Roche Holding AG (BASEL, Switzerland) announced that their alliance partner company Chugai Pharmaceutical Co, Ltd (TOKYO, Japan) has received approval in Japan for Actemra^® (tocilizumab) 200 mg administered as intravenous infusion for additional indications of rheumatoid arthritis (RA) including preventing structural damage of joints, polyarticular-course juvenile idiopathic arthritis (pJIA) and systemic-onset juvenile idiopathic arthritis (sJIA). Japan is the first market to gain access to Actemra for the treatment of RA. JIA is the collective term for diseases with unknown cause associated with symptoms in joints occurring in children aged <16. Though clinical findings of pJIA have many similarities to RA, sJIA is accompanied by systemic symptoms that include remittent fever; sJIA is considered a severe disease.
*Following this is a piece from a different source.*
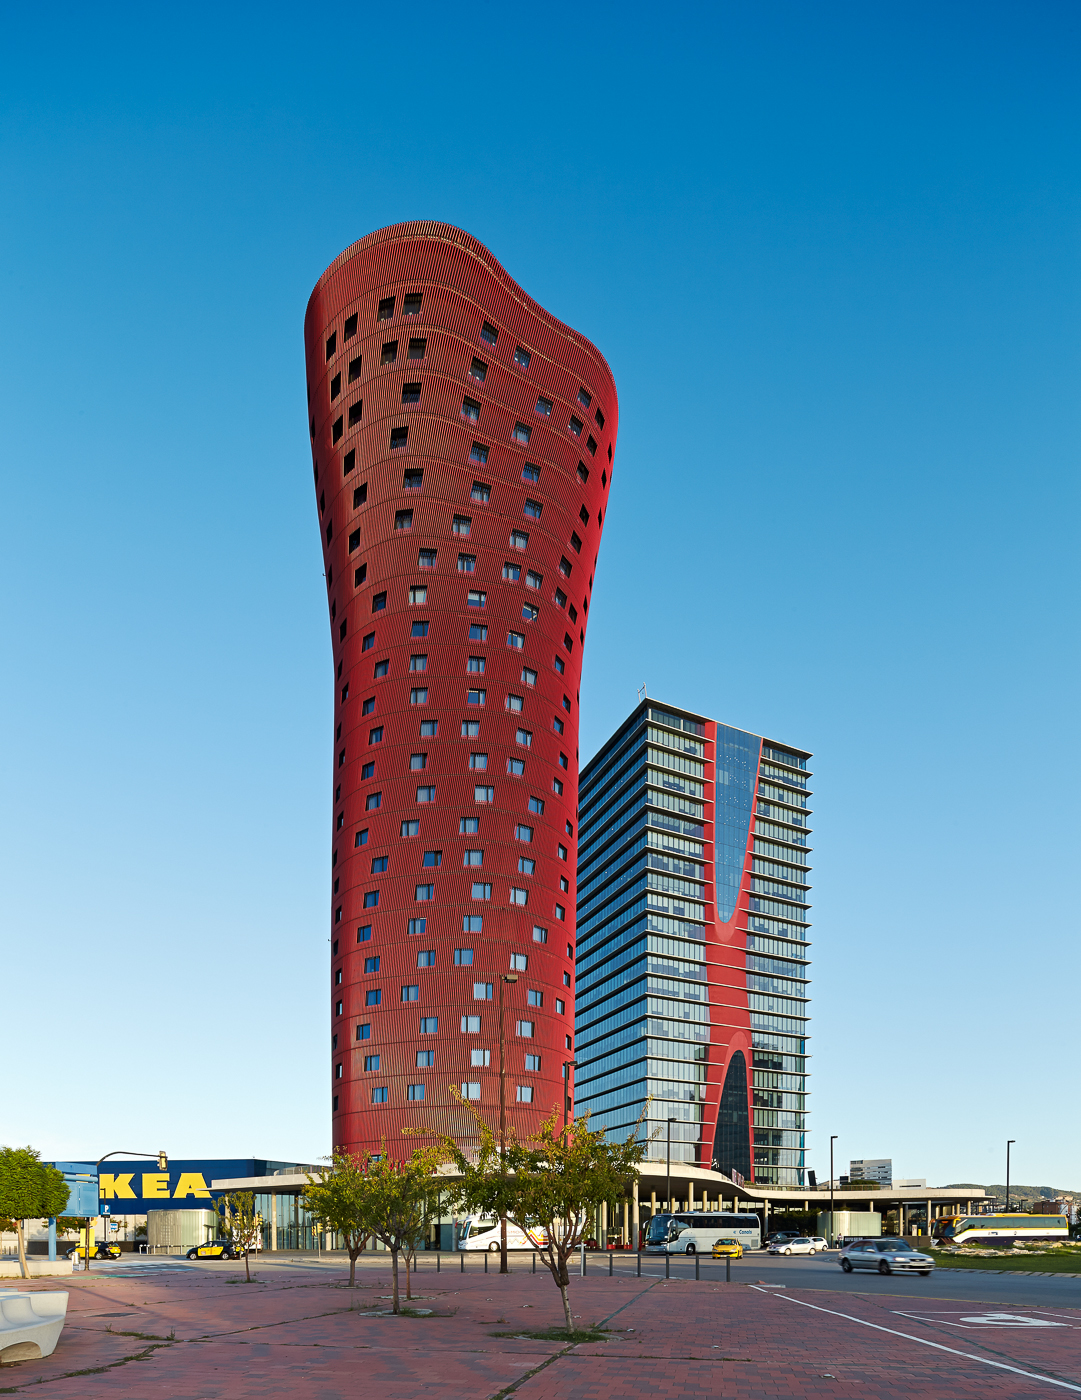 Porta Fira barcelona hotel Toyo Ito & Associates Architects

Actemra, the first of a new class of drug with a novel mechanism of action, is a humanized interleukin-6 receptor-inhibiting monoclonal antibody. The drug is the result of research collaboration by Chugai and it is being codeveloped globally with Chugai. An extensive clinical development program of 5 phase III trials evaluated the drug’s clinical findings. Thus far, 4 studies have been complete and have met their primary endpoints. A fifth trial, a 2-year study called LITHE (TociLIzumab safety and THE prevention of structural joint damage), is underway. The companies expect to report preliminary first-year data in later in 2008.

In Japan, Actemra was launched by Chugai in 2005 as a therapy for Castleman's disease.
The drug is awaiting approval in the US and Europe. The US FDA’s approval decision on Actemra could come as early as September 2008. Following approval in Europe, the drug will be copromoted by Chugai and Roche in the UK, France, and Germany.